3) Industry apologists also claim that the tax will force them to cut R&D. Again, why? If R&D investments are profitable, why would the small portion of the tax that device manufacturers bear fall disproportionately on R&D? R&D is a tech company’s life-blood. Why would it cut off its nose to spite its face?

4) Industry reps say the tax will squelch start-ups, which drive much of the industry’s innovation. This is obviously and patently false, since the tax exempts the first $5 million in sales, probably for that very reason. But what about a company with $7.5 million in sales? Since only the last $2.5 million is subject to the tax, their effective tax rate will be only 0.77%. Not only that, their profit margins should increase because of the (slight) upward pressure on prices which the tax will create, meaning that the tax should actually end up helping medical start-ups.

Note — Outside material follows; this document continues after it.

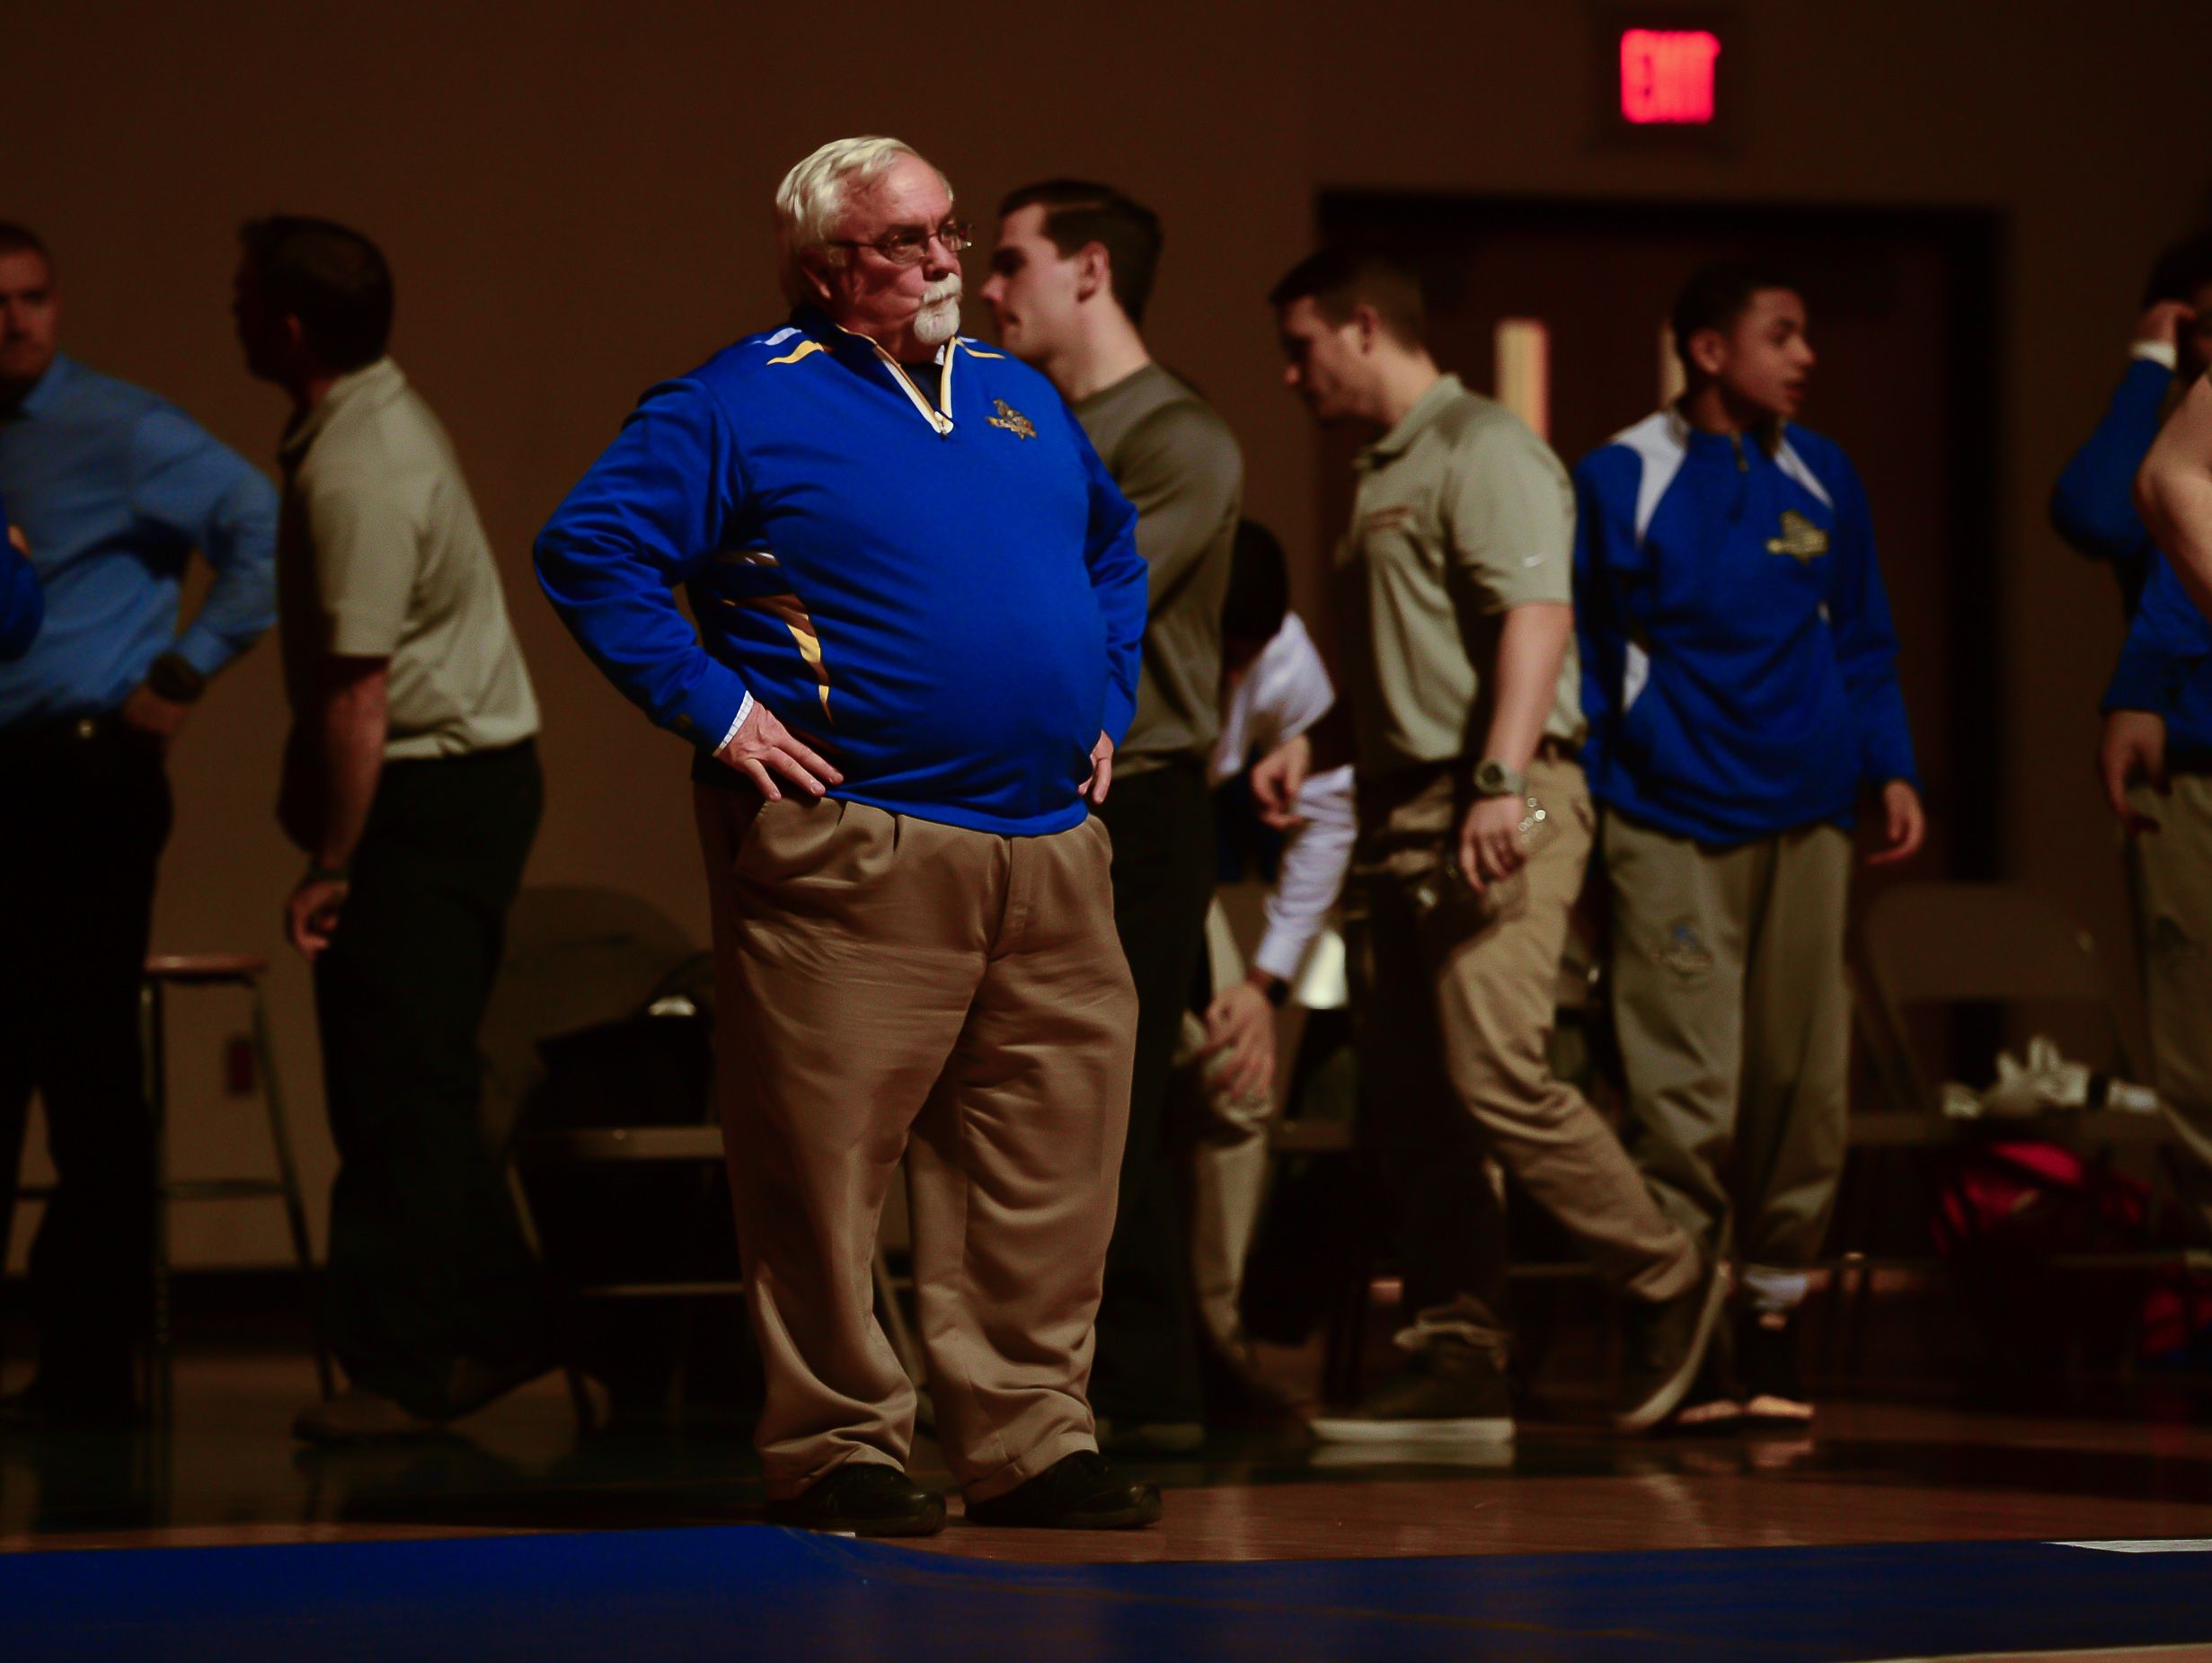 Sussex Central's head Coach Phil Shultie (left) during the match up against Poltech on Wednesday, Feb. 2, 2017.

In any case, the tax does not affect start-ups at all during the key early years is which they are developing and commercializing their products, and have no or low sales. Indeed, any given start-up will sell $5,000,000.50 worth of equipment before it pays even a penny in tax, at which point they’ll pay…exactly one penny in tax. Somehow, I don’t think that will break them.

5) In a more dynamic sense, the tax is extremely unlikely to result in either higher prices, pressure on companies to cut jobs, R&D, or even executive compensation and corporate profits. That’s because the addition of 30 million new customers to the system will itself result in upward pressure on prices, plus increased valuation for medical technology companies’ intellectual property values, both of which result in lower cost of goods for each unit of production. Since that additional demand is going to make prices go up anyway, all the tax does is capture some of that price increase (almost certainly not all, given how much prices have been increasing historically) so that those funds can then be recycled back into the system. So it’s absurd to say that the tax will cost companies x% relative to CURRENT profits, or a y% reduction in CURRENT employment levels, because all of those levels are going to be pushed up by the demand which millions of new customers will create.

Given how much of a major financial boon that new demand is to the medical devices industry, it’s therefore petty, selfish, and factually incorrect for the industry to complain about what will probably be less than a half-penny on the dollar in tax. Profits (and probably also employment) will still go up as a result of all those new customers, just not quite as much as without that tiny tax, which itself supports the increased demand.

So the industry’s complaints about the medical device tax is like saying: “I demand that I get all 100 cookies you baked today, and I won’t share even one of those cookies with you even though you have been working all day without anything to eat.” My advice to the industry and its lobbyists: share the cookies; cease and desist in their lobbying efforts. If they don’t, then Congress should not accede to those unreasonable demands.

Yes, one expects for-profit businesses to be at least a little bit greedy and resist even reasonable cost-sharing for the common good. But government officials representing the public interest don’t have to give in to that greed.